Карлтон развернул карту, и у него екнуло сердце — что за путаница линий, красок, крохотных цифр! Карта словно бросала ему вызов. Никогда в жизни он подобного не видел.
Это было в половине седьмого. В девять он катил уже далеко по той самой дороге. Он со вчерашнего дня ничего не ел и теперь смотрел на придорожные рестораны (почти все они еще не открывались), точно и они тоже бросали ему вызов. Он проезжал какие-то городишки, вывески с названиями при въезде столько всего обещали, и в каждом — тоже вызов. В любом можно остановить машину и просто сидеть и ждать… или и вовсе бросить машину и затеряться там и обо всем позабыть. Так много всего надо обдумать.
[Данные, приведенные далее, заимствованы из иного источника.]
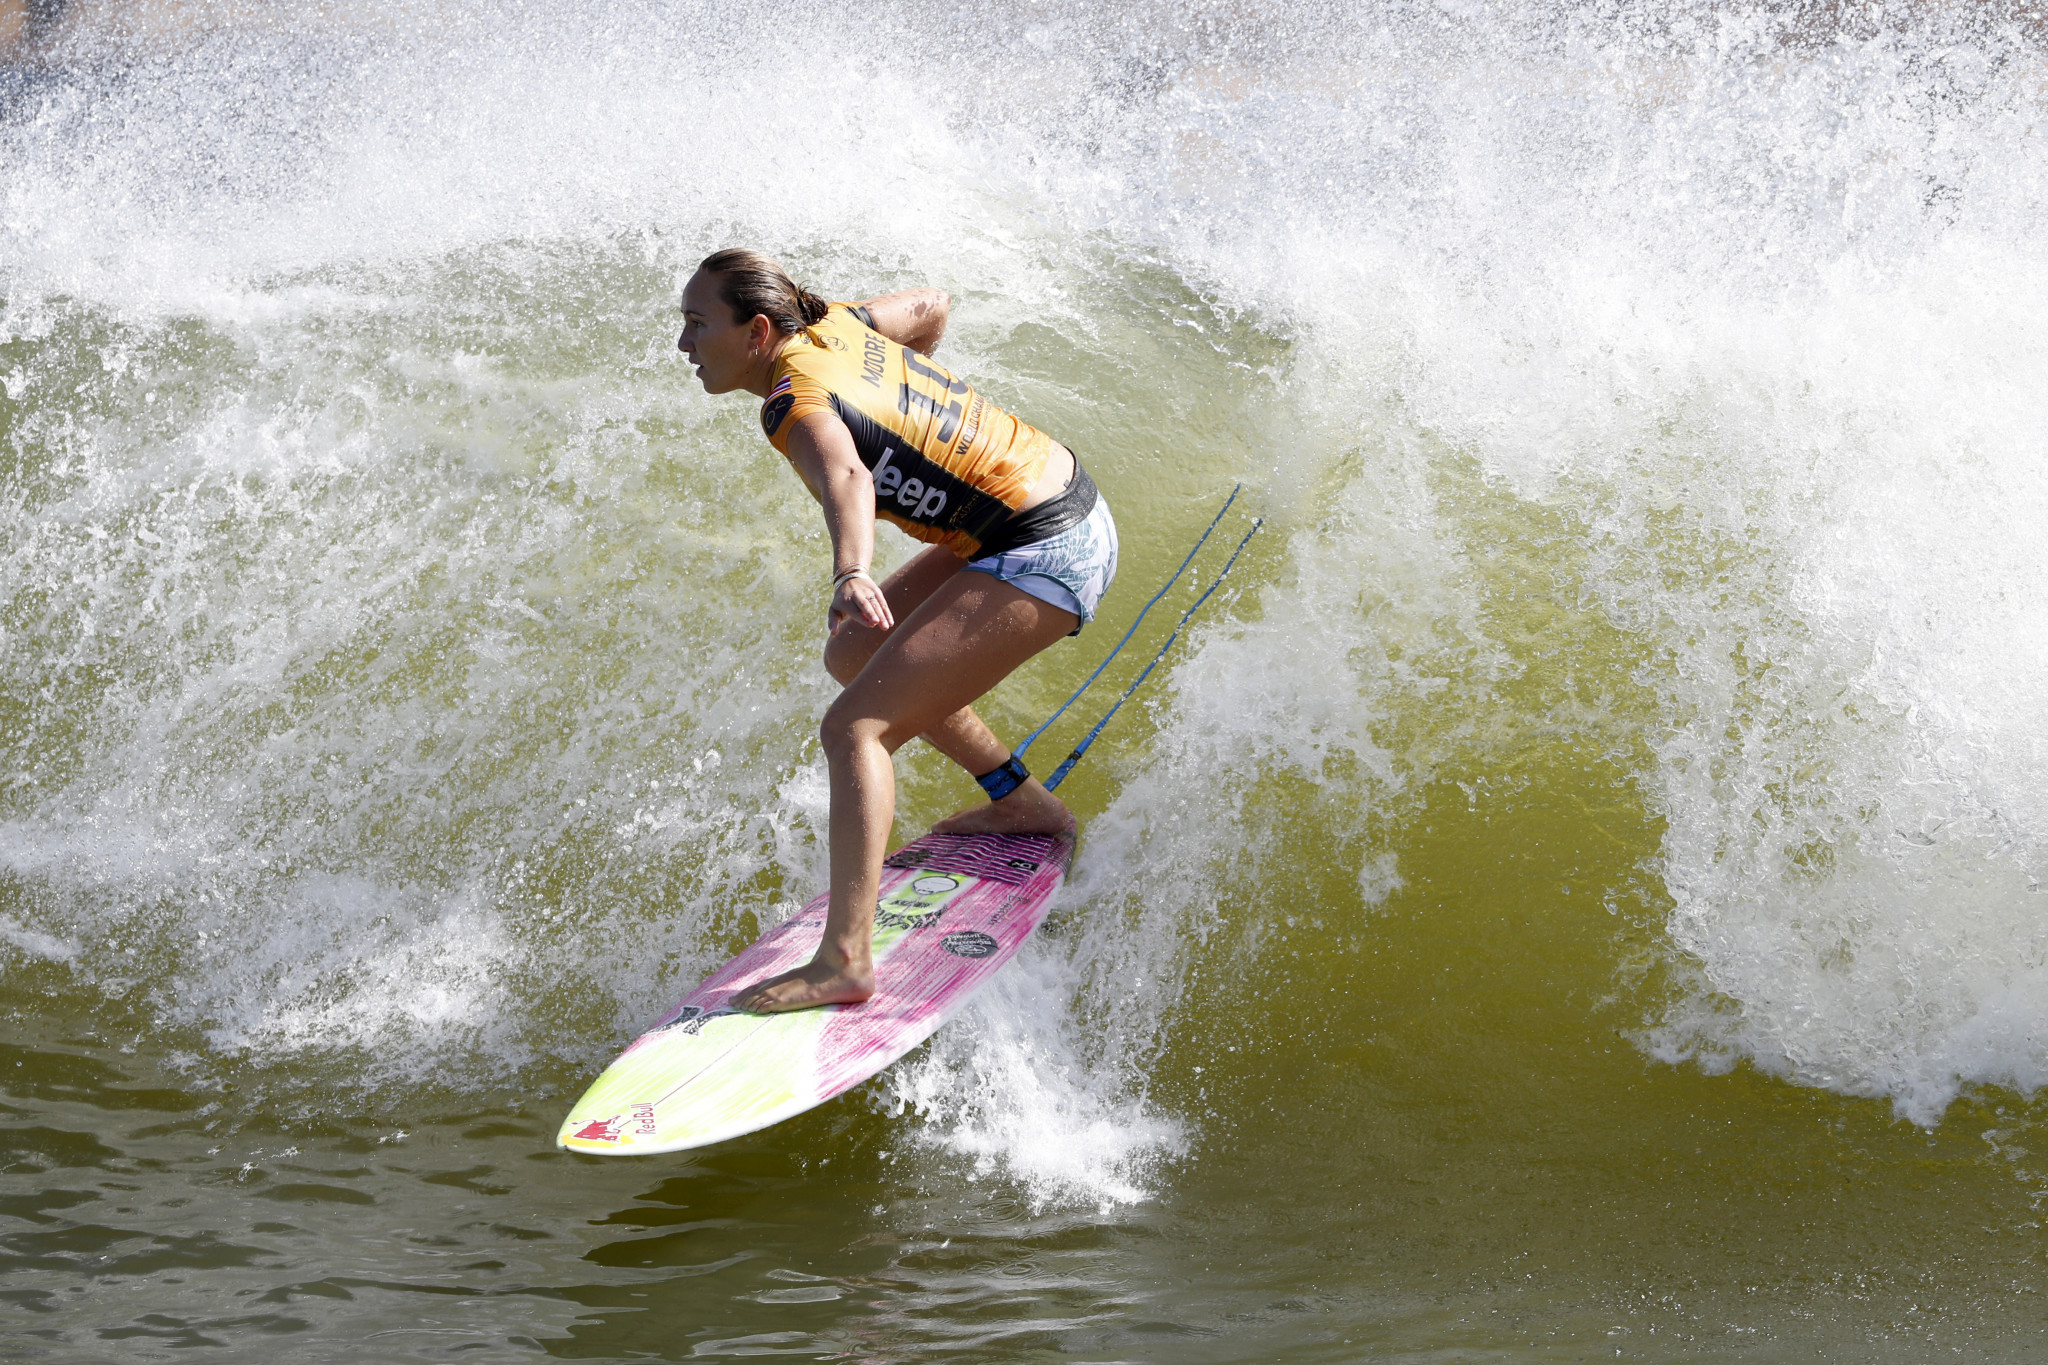 Four-time world champion Moore named on American surf team for Tokyo 2020
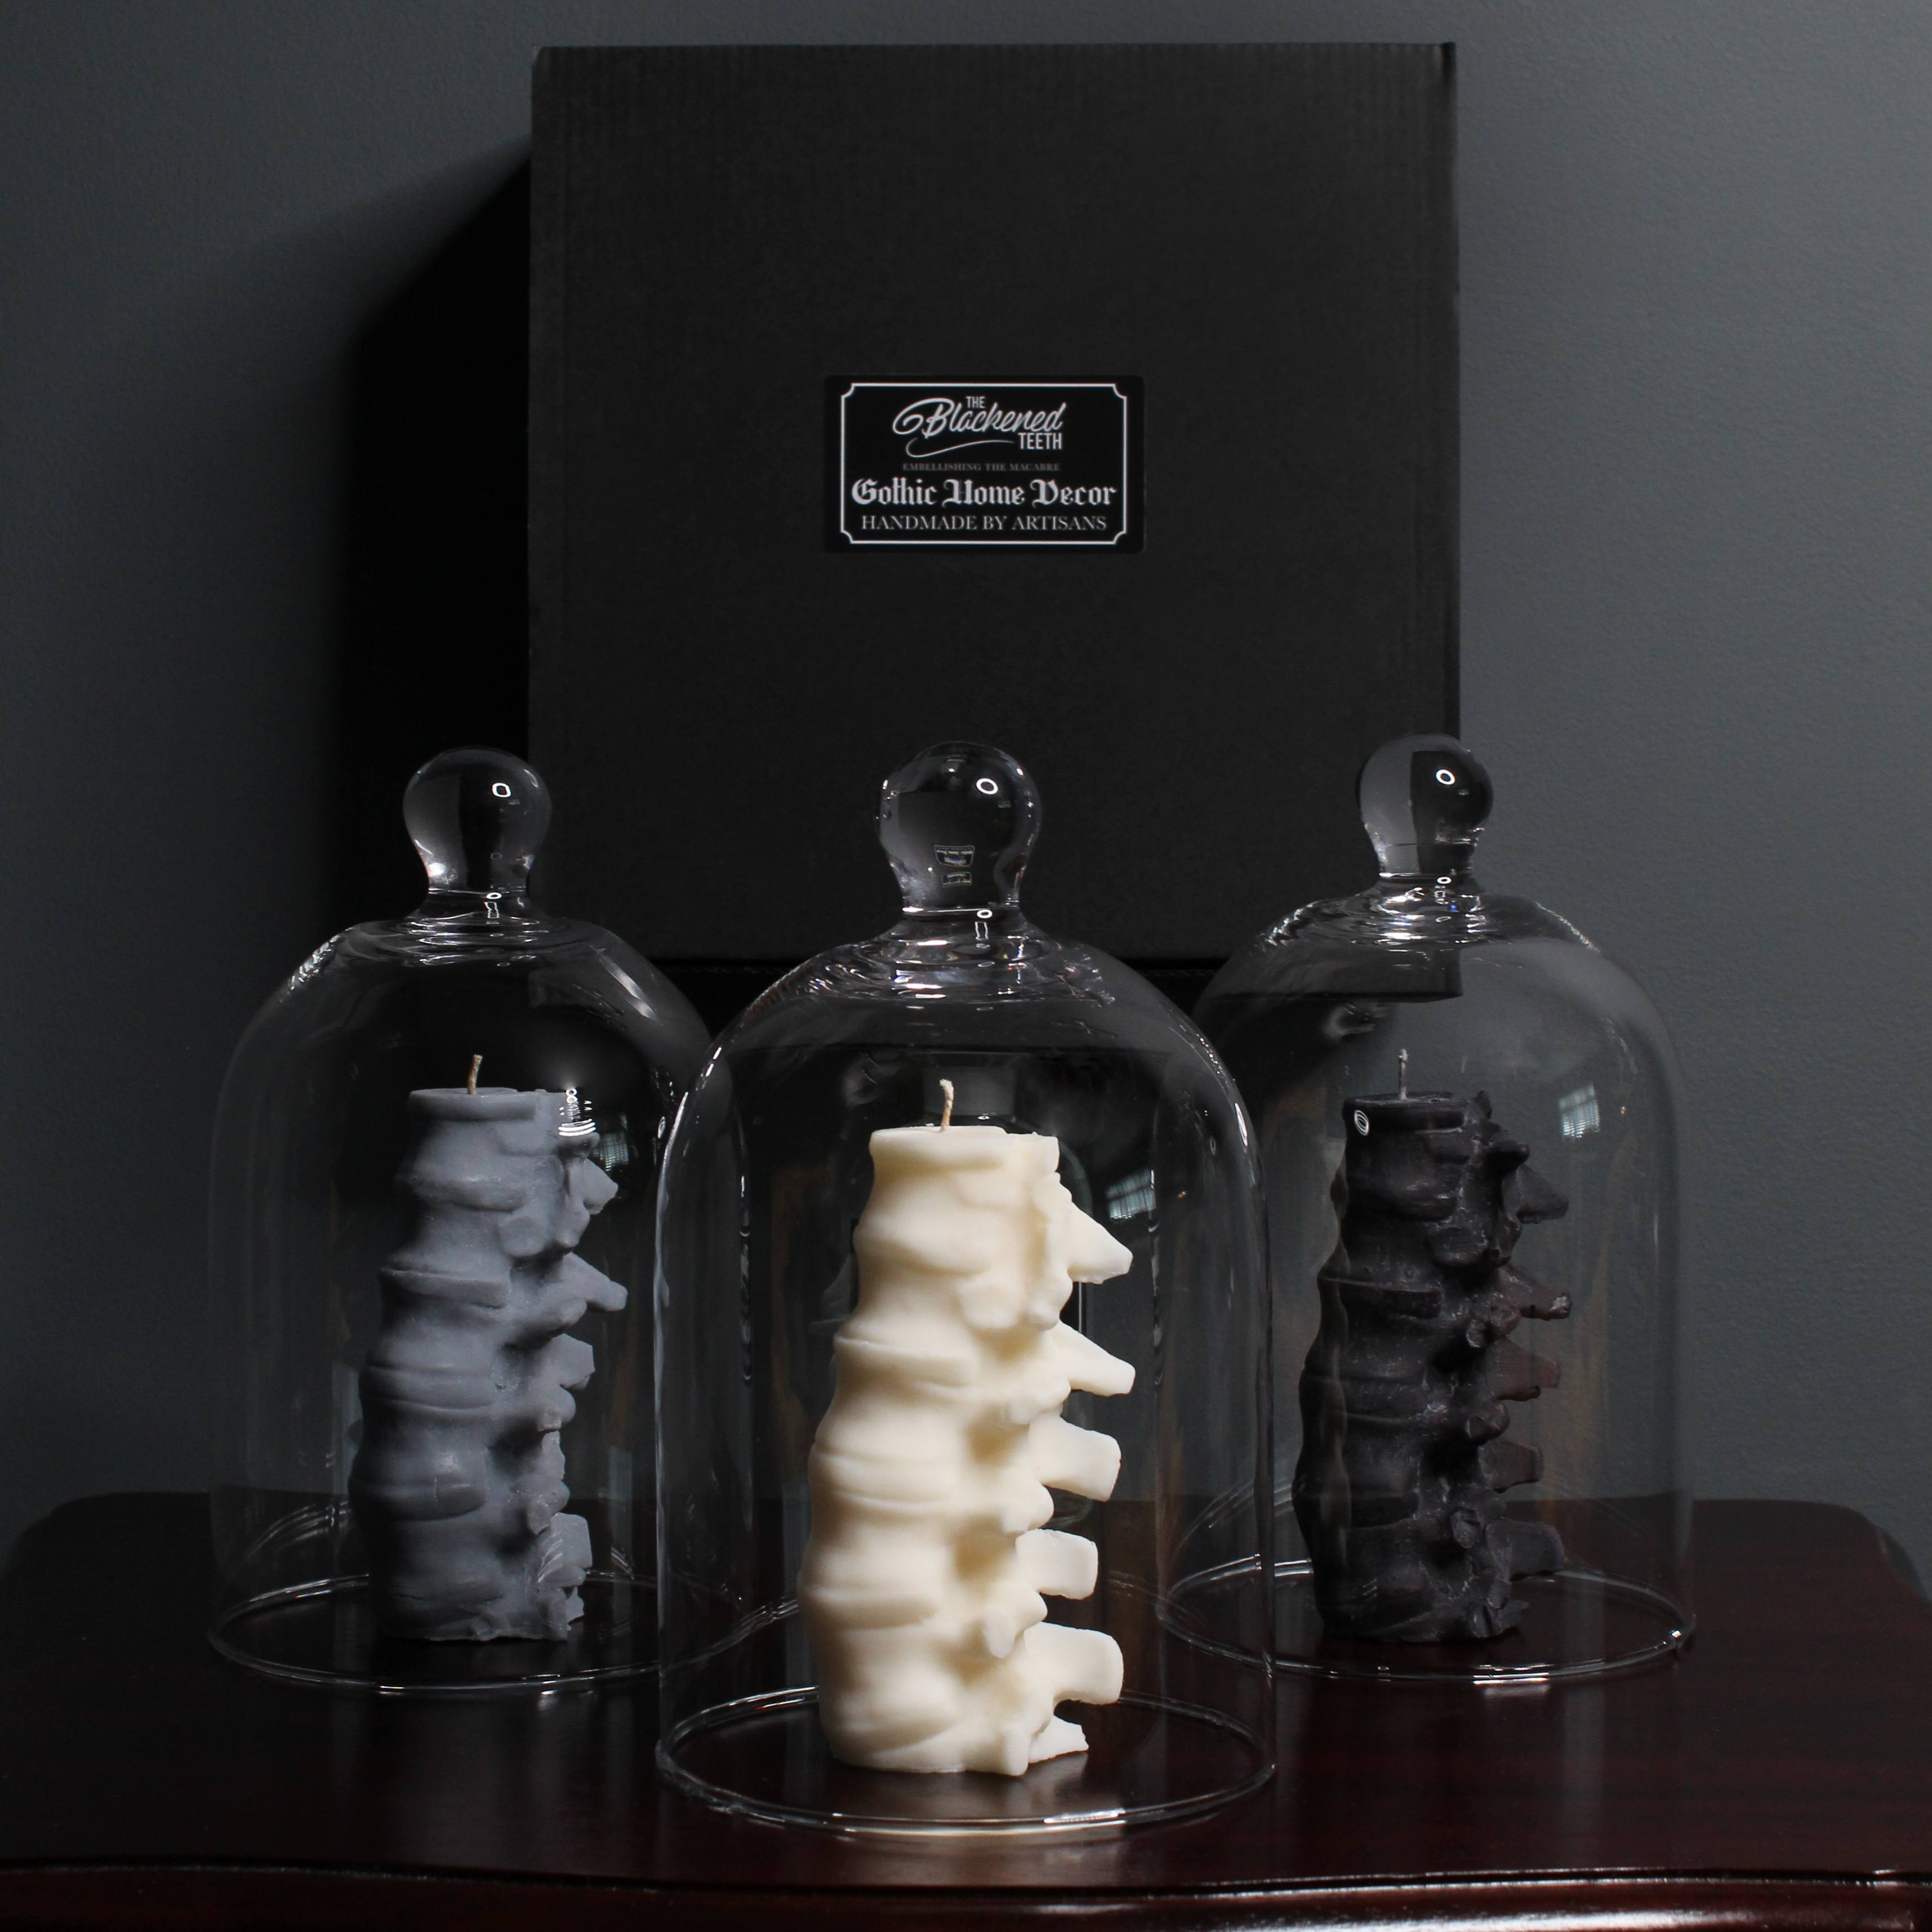 Spine candles gift box - The Blackened Teeth

И за городом тот же соблазн: буйно разросшаяся яркая зелень, слоистая кроваво-красная глина на обочинах дороги, невысокое голубое небо, затянутое влажной дымкой, словно готовое вскоре пролиться дождем, кое-где неприхотливые, без затей дома и фермы, где люди, которых он не знает ни в лицо, ни по имени, тихо и мирно живут долгие, долгие годы… Карлтон в который уже раз помотал головой, пытаясь избавиться от этих мыслей. Так повторялось опять и опять, всякий раз ему казалось, будто он очнулся от сна, и раз от разу солнце светило ярче, и на капоте старой машины, в тех местах, где не было ржавчины, все больше вспыхивало слепящих бликов, и знакомая боль в желудке тоже просыпалась и лениво, исподволь готовилась к долгому дню. Наконец пришлось остановиться в каком-то городке с незнакомым названием. Карлтон прикупил бензина. Спросил заодно, не продадут ли ему темные очки от солнца, — в этом было что-то постыдное, и он почувствовал, что стыд отразился на лице. Но человек с заправочной станции ничего не заметил и вынес пластмассовые очки в белой оправе; других у него не было. Карлтон купил их, надел, и его жуть взяла, так все кругом стало странно — будто он смотрел на город чьими-то чужими глазами. Кругозор стеснили темно-зеленые стекла, а за широкой белой оправой, заслоняющей глаза с боков, и вовсе ничего не было видно. Ужас перехватил ему горло.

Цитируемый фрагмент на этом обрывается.